* AIM OF THE EXERCISE *
In the entries below, how many lines include "Pinterest"? Reply with the number and nothing more.

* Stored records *
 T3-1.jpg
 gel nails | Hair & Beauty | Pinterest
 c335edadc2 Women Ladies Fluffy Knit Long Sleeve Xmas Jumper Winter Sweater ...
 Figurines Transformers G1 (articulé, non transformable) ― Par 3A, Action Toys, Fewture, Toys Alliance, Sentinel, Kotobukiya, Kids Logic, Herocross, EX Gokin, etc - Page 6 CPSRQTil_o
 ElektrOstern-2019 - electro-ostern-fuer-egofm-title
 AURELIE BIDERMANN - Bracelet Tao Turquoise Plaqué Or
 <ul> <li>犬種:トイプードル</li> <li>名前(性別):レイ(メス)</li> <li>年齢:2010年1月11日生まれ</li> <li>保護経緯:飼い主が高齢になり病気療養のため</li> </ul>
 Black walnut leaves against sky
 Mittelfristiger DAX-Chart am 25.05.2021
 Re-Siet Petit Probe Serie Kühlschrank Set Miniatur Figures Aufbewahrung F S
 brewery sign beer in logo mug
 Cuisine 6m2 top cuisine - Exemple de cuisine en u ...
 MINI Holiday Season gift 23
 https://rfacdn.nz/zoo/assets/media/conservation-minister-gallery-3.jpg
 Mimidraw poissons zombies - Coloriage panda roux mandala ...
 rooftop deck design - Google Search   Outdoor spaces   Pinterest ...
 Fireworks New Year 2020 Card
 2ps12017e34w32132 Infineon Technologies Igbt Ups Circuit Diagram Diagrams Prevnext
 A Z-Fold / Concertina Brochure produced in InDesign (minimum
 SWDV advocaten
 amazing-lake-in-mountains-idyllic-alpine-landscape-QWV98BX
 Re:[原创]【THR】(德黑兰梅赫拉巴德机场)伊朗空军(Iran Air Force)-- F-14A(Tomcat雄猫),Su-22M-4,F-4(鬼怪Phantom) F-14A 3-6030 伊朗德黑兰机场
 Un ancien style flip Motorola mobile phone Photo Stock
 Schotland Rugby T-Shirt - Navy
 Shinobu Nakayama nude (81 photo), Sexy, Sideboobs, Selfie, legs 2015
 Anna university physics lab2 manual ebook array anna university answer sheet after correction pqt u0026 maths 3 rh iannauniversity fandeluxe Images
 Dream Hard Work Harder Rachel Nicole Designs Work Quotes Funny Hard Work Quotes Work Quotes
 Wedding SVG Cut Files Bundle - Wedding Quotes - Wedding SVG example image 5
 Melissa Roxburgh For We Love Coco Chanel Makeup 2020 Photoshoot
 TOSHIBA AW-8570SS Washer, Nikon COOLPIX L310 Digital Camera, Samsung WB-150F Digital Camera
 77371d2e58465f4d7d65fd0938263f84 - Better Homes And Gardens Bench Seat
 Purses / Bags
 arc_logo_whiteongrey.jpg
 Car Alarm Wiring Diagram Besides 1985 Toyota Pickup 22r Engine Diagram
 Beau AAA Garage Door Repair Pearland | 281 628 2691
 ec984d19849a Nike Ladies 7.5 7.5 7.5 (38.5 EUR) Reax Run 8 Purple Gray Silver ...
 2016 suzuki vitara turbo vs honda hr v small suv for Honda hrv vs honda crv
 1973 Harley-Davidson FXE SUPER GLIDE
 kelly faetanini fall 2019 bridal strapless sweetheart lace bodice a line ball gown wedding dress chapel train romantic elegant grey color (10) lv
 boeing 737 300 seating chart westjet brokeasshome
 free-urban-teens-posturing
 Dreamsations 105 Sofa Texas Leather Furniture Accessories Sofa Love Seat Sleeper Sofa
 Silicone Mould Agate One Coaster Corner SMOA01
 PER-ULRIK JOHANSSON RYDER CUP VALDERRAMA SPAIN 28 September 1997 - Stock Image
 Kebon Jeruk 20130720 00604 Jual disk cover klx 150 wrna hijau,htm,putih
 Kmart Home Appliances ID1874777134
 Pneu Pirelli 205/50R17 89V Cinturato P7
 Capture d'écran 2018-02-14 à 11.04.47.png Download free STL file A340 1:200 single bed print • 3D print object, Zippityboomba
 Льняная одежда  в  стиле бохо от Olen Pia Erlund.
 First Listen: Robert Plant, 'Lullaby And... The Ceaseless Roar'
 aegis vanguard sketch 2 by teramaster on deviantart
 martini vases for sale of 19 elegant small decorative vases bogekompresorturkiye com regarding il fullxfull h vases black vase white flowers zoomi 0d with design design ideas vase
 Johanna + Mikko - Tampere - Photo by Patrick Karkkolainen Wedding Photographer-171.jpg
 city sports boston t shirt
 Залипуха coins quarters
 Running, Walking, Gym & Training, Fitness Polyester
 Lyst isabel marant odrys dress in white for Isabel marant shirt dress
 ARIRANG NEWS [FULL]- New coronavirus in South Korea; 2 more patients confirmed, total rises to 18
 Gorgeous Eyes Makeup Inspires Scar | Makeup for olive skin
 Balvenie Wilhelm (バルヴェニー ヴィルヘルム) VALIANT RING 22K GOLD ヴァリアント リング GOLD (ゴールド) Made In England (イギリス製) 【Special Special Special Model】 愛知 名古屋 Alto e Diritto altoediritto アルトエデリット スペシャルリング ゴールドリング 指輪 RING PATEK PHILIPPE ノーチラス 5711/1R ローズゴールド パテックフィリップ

* TASK RESULT *
2